Per quanto riguarda l’esperienza della Scuola a distanza in ospedale, i ragazzi coinvolti nel Progetto hanno valutato positivamente l’insegnamento individuale e personalizzato sia per quanto riguarda gli aspetti più legati all’apprendimento che per quelli legati alla motivazione e supporto psicologico, oltre all’impatto sulla relazione rapporto insegnante-alunno. Inoltre hanno espresso commenti positivi sull’organizzazione più aperta e flessibile, sulla sua efficacia per gli studenti che hanno difficoltà ad esporsi davanti alla classe.
Gli alunni della Scuola a distanza, invece, hanno riportato i seguenti risultati: nelle scuole primarie e nelle scuole secondarie di I e II grado, la didattica a distanza è piaciuta poco o abbastanza. Solo 1 un bambino su 5 dichiara di averla apprezzata molto. Una quota maggioritaria di alunni dice di aver imparato cose nuove ma solo gli alunni delle scuole primarie indicano in maggioranza molto. Negli altri due ordini di scuola le risposte si concentrano per lo più sulla categoria abbastanza. Oltre la metà degli studenti, di tutte le età, ha trovato le lezioni a distanza più faticose. La relazione è mancata molto in tutti e tre gli ordini di scuola: innanzitutto amici e compagni, ma anche gli insegnanti e altri aspetti della vita quotidiana scolastica.
Ho trovato interessanti i risultati di questo Progetto perché hanno permesso di fare un parallelo tra le due esperienze dando voce al vissuto di bambini e ragazzi.
È un dato di realtà che queste due circostanze non possano essere completamente assimilabili ma ci permettono di avvicinarci alla comprensione del vissuto di un bambino chirurgico ospedalizzato e del ruolo fondamentale che la scuola ricopre. Le lezioni non solo spezzano la monotonia della vita ospedaliera ma soprattutto permettono di aprire una finestra verso il mondo esterno, verso ciò che li aspetta una volta tornati a casa: il quotidiano.
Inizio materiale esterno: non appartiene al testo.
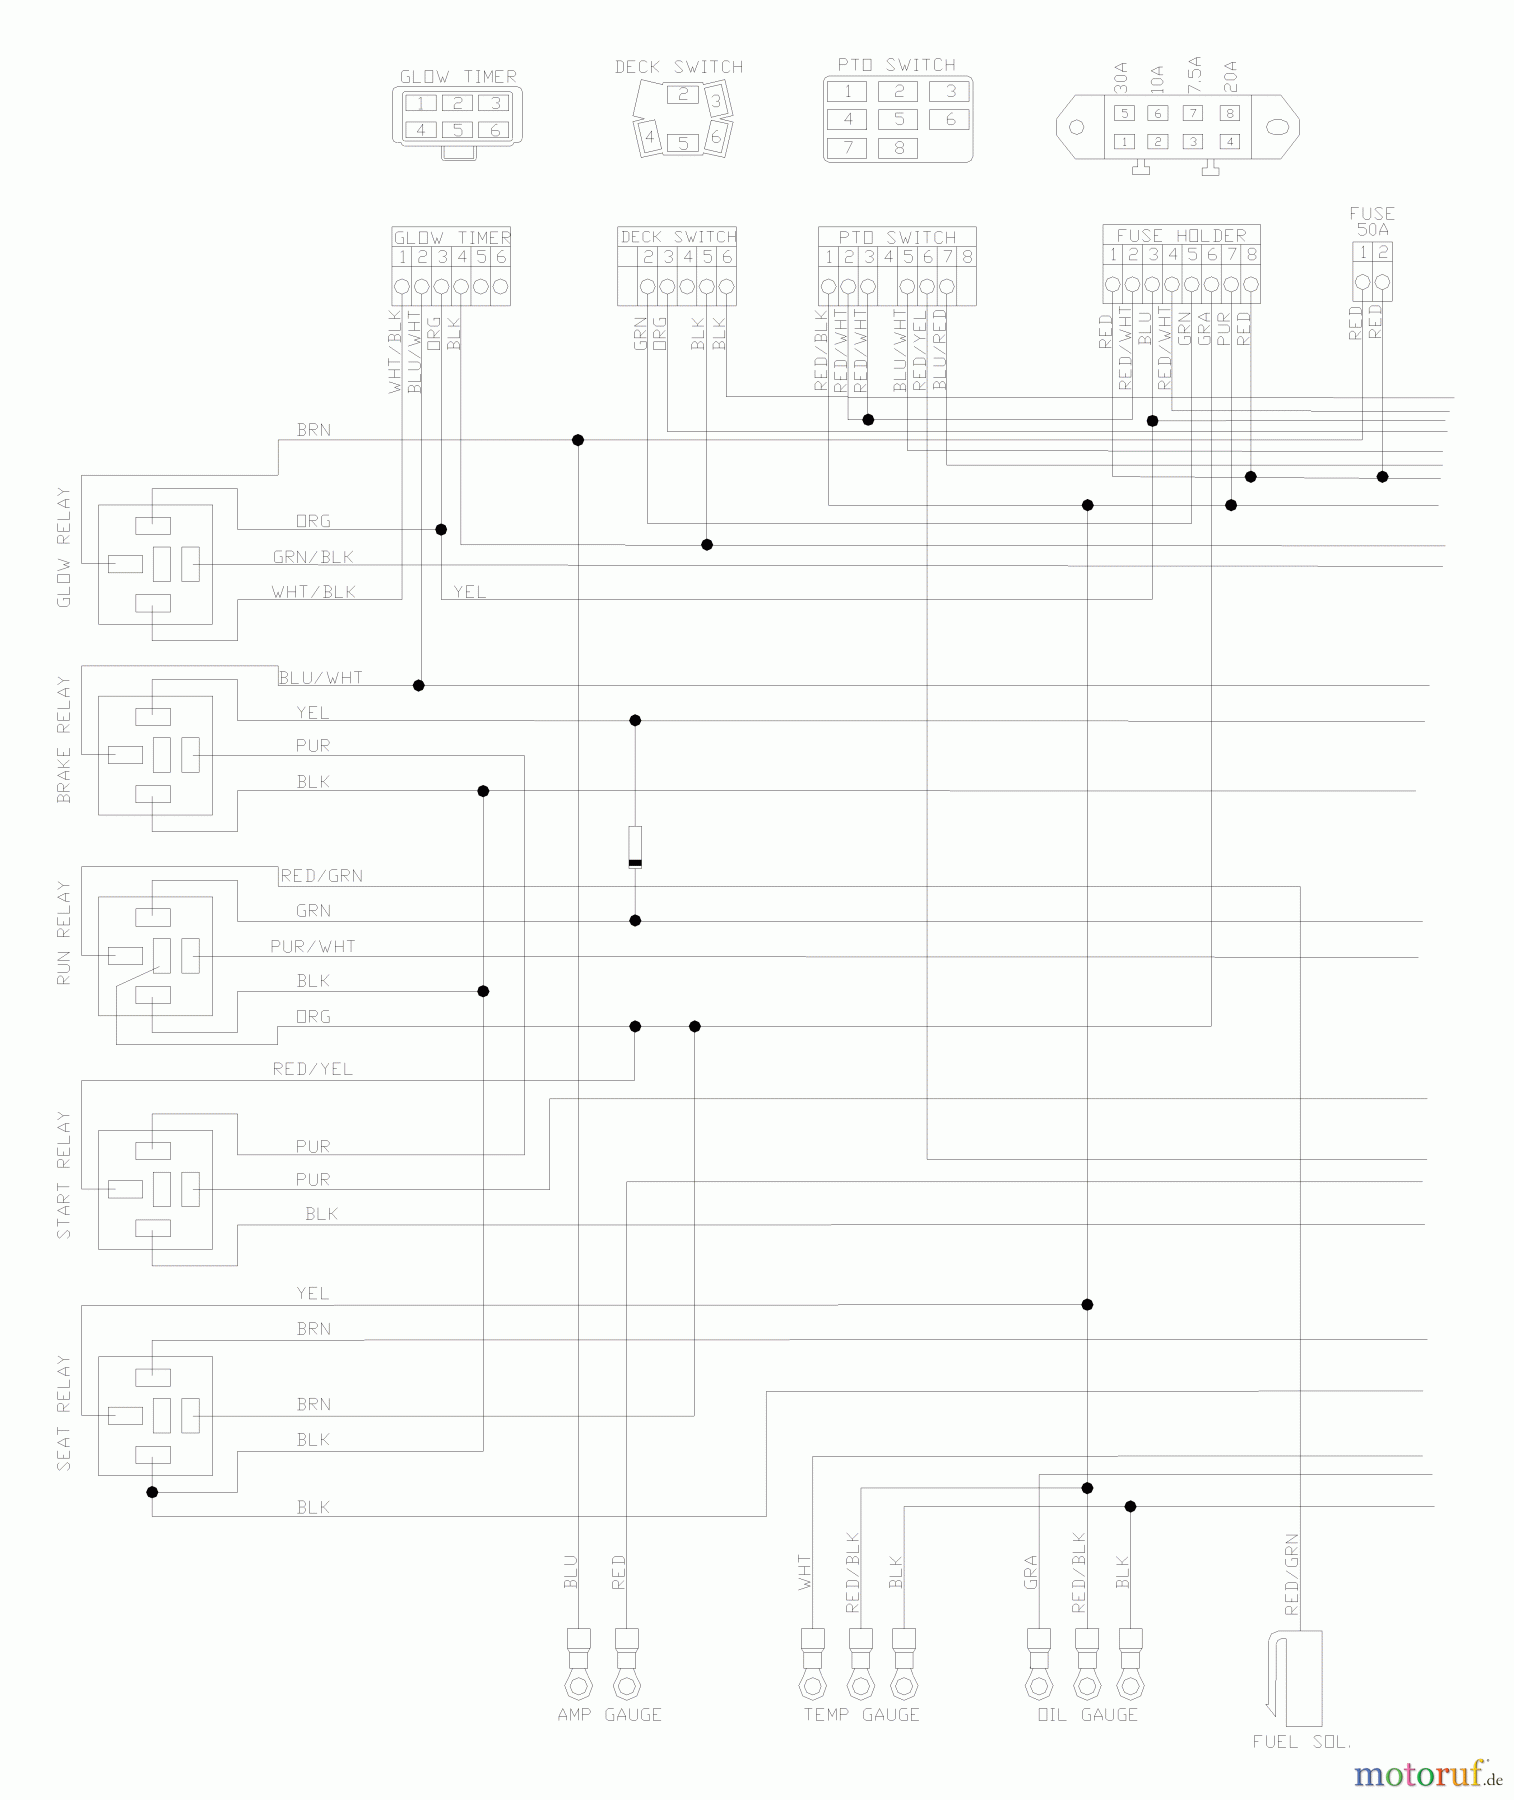  Husqvarna Nullwendekreismäher, Zero-Turn BZ 6127 D (968999218) - Husqvarna Zero-Turn Mower (2004-11 & After) (SN: 033600000 & Up) Wiring Schematic (Part 1)

È altrettanto comprensibile come il vissuto di questi ragazzi possa essere maggiormente positivo rispetto ai pari che a causa dell’emergenza sanitaria sono stati costretti a casa.
La pandemia ha di colpo livellato l’esperienza scolastica di tutti i bambini, palesando le problematiche legate alla didattica a distanza prolungata, alla mancanza di contatti e relazioni con compagni, amici e insegnanti. Quest’argomento, che ultimamente ha sempre più spazio mediatico e importanza nel dibattito pubblico, rappresenta per i bambini ospedalizzati la normalità. Tale condivisa e nuova consapevolezza delle criticità che un’esperienza a distanza può avere sul bambino possa essere uno spunto di riflessione sul vissuto e sulle difficoltà che le famiglie di bambini ospedalizzati affrontano tutti i giorni.
Dott.ssa Alexandra Teodorescu- Responsabile Attività di Reparto di A.B.C.